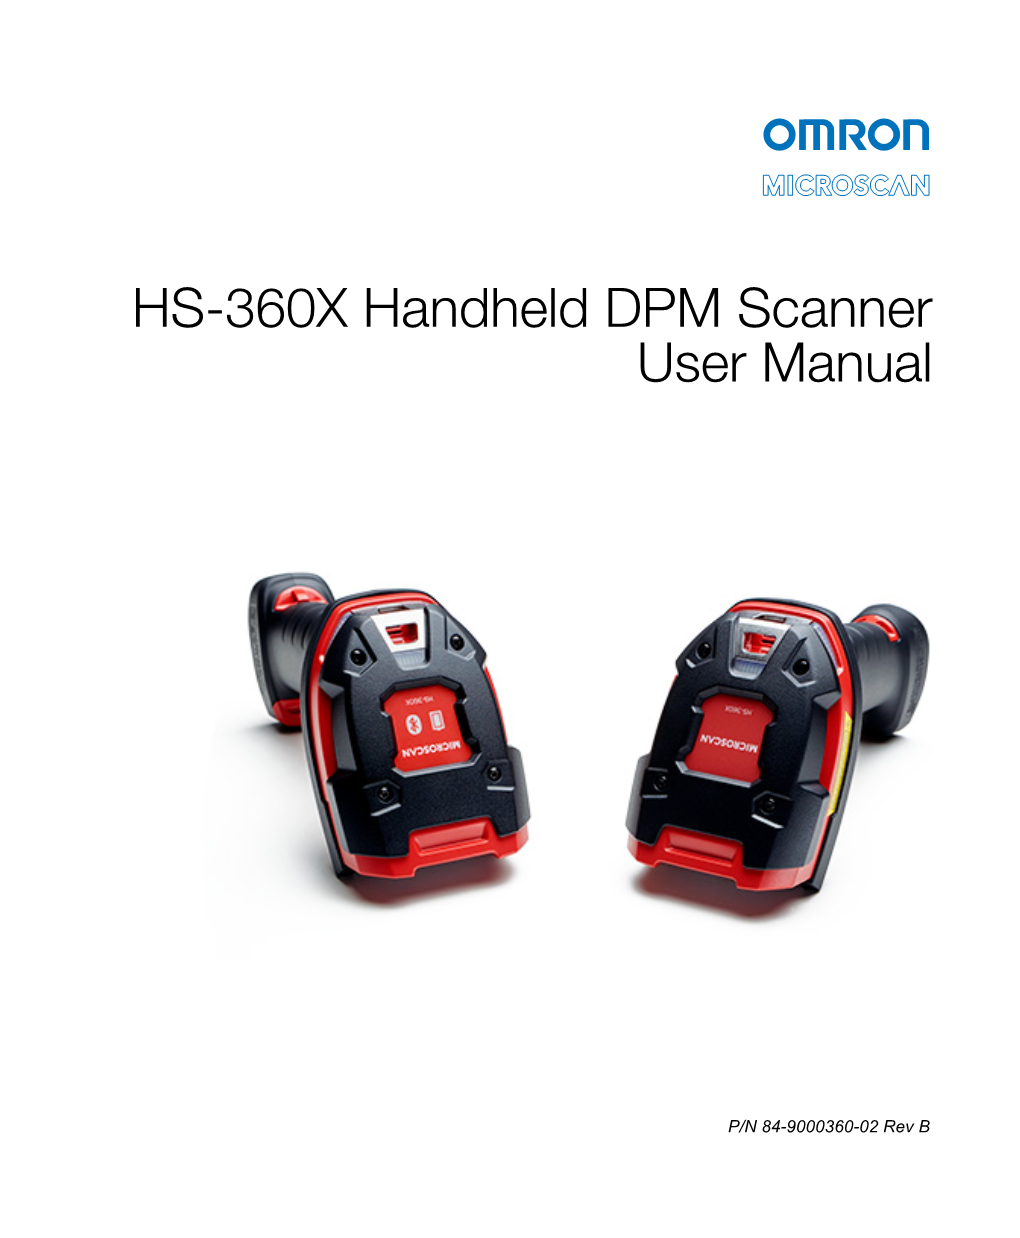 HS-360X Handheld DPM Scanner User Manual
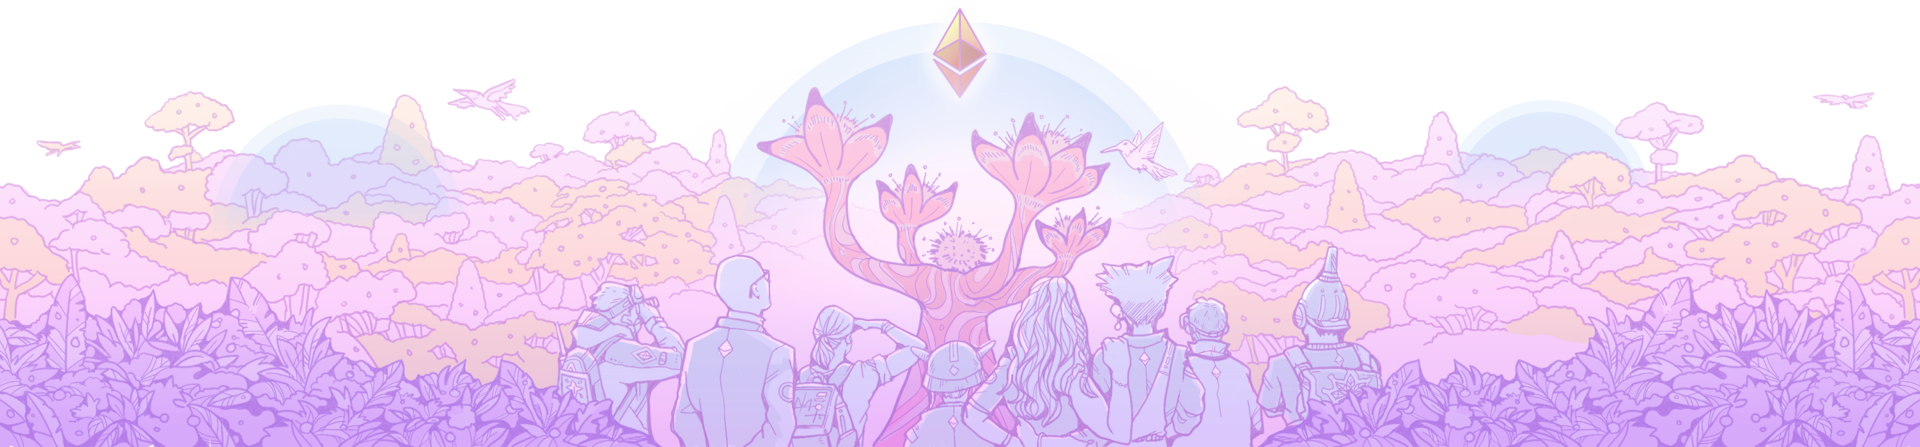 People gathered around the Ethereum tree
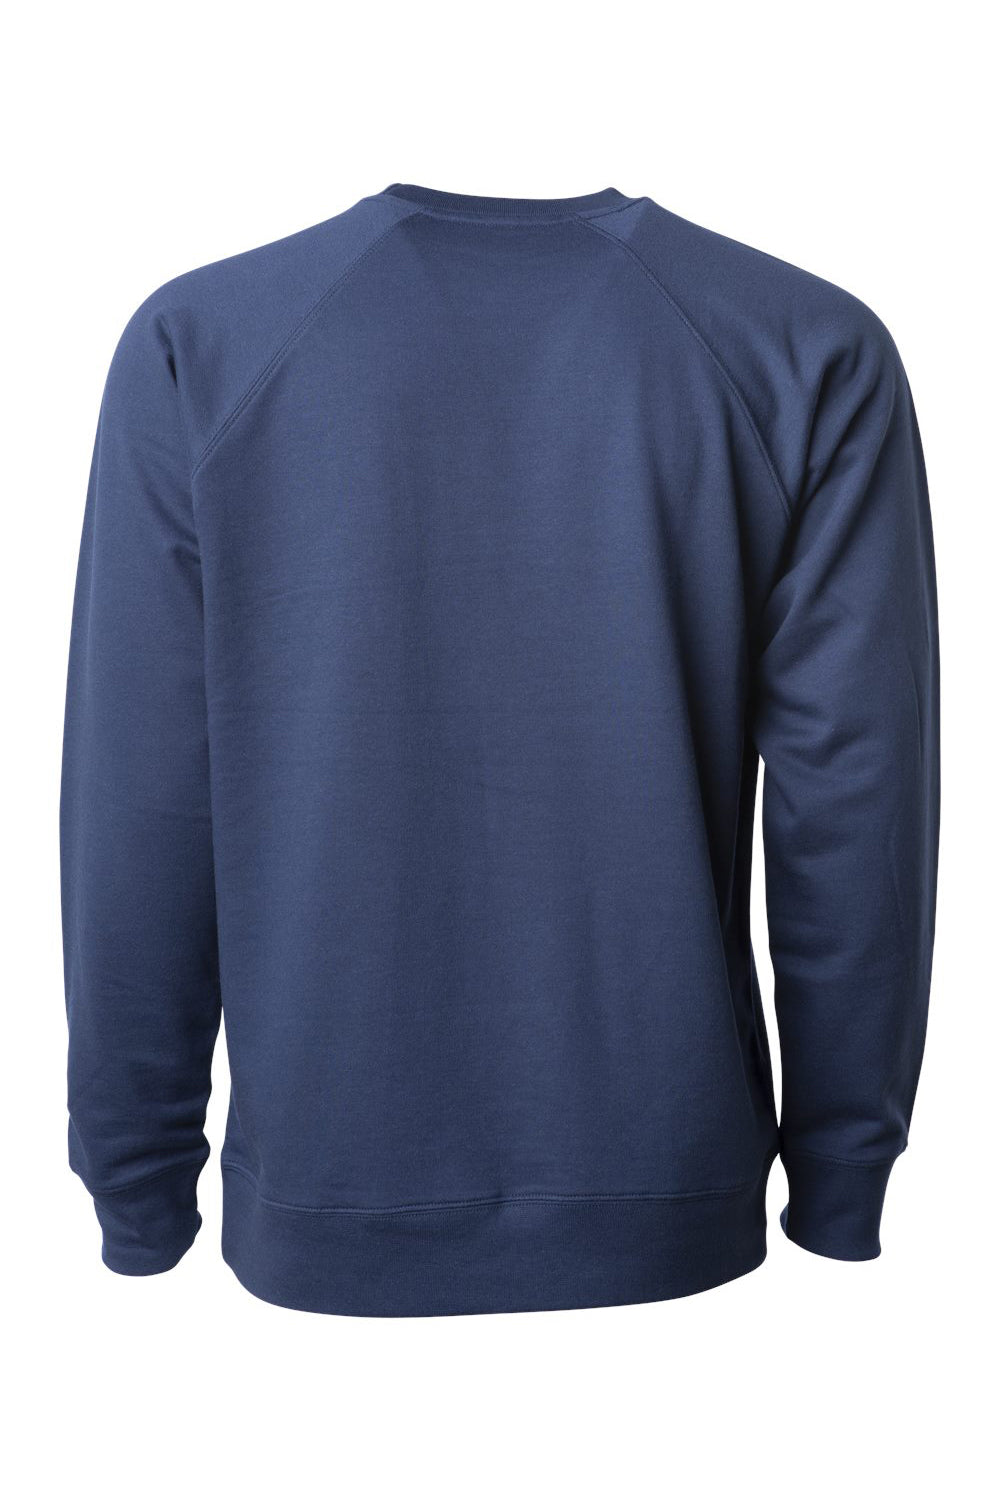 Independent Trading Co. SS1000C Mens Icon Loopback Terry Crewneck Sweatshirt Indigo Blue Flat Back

--

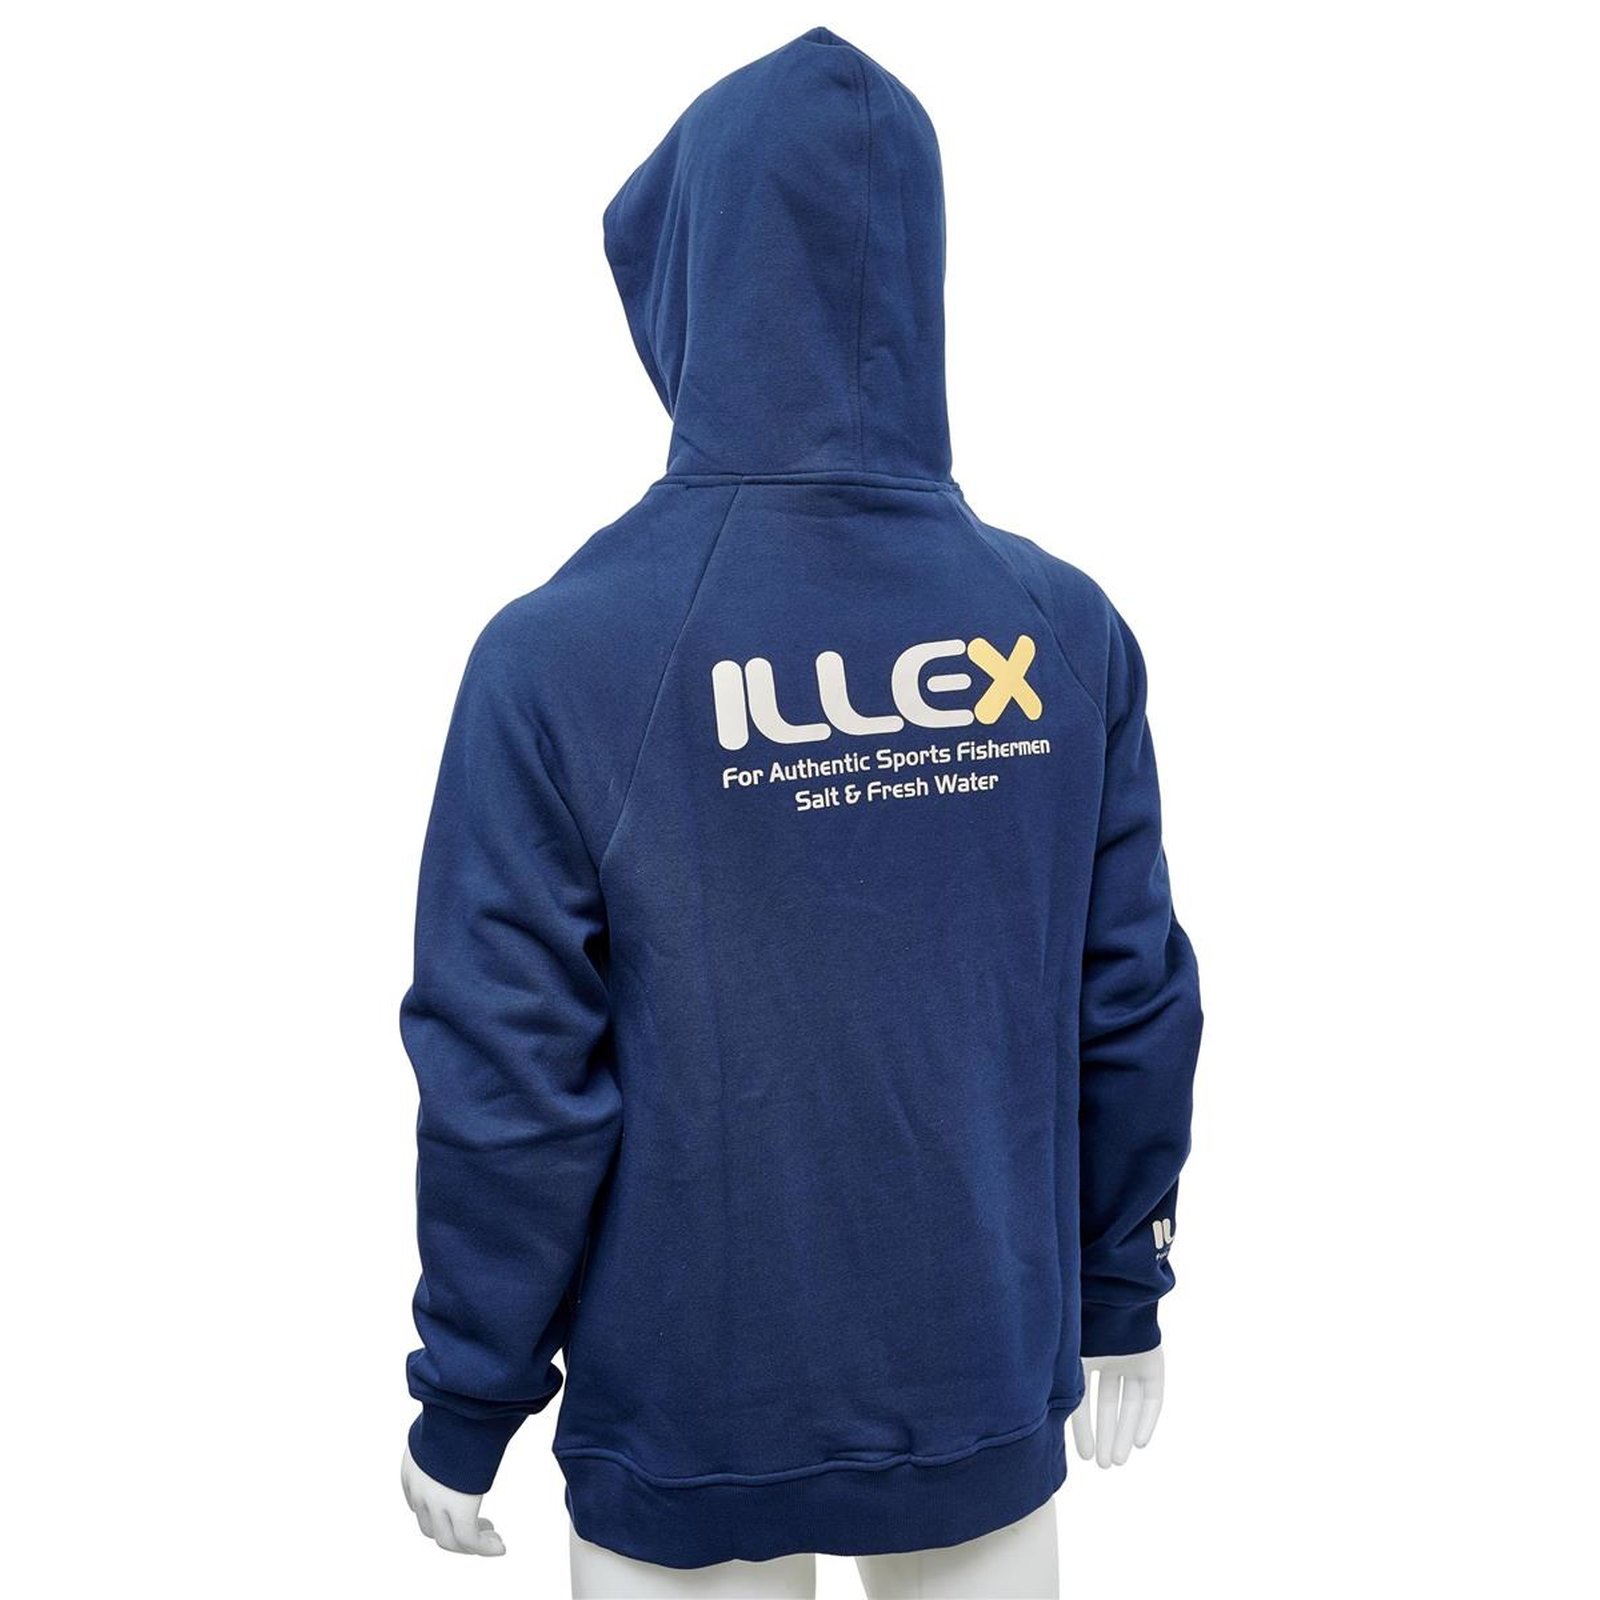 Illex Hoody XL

...

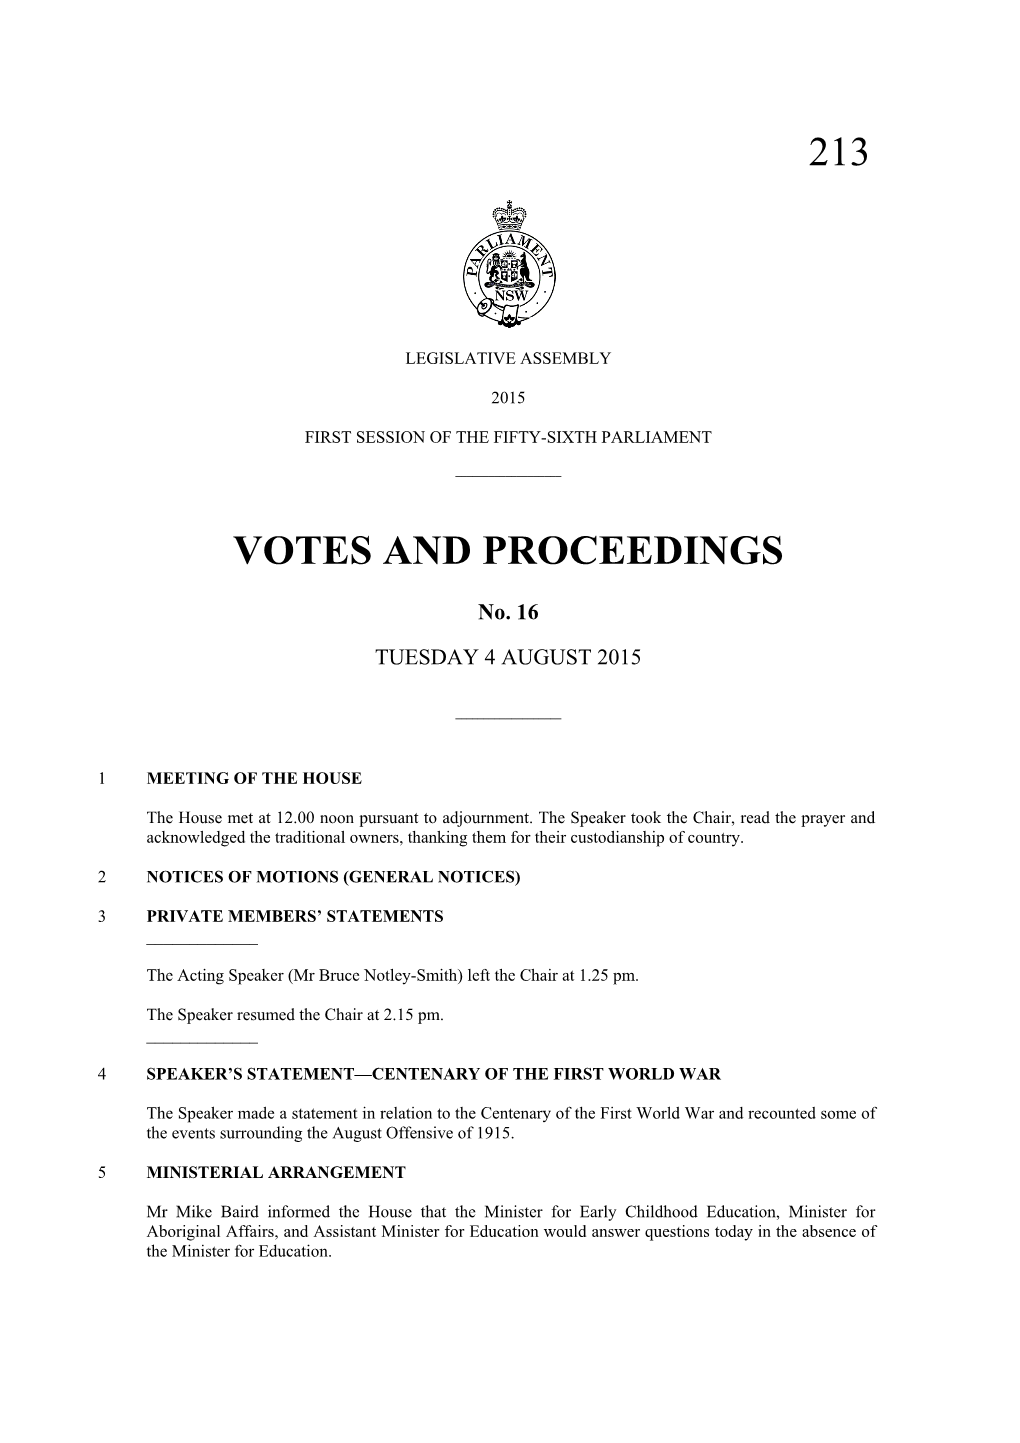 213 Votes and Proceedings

ASSIGNMENT: Take the material above from the line containing "HS-360X Handheld DPM Scanner User Manual" up to and including the line containing "Independent Trading Co." and retype it exactly, without any pictures.

OUTPUT OF THE EXERCISE:
 HS-360X Handheld DPM Scanner User Manual
 People gathered around the Ethereum tree
 Independent Trading Co. SS1000C Mens Icon Loopback Terry Crewneck Sweatshirt Indigo Blue Flat Back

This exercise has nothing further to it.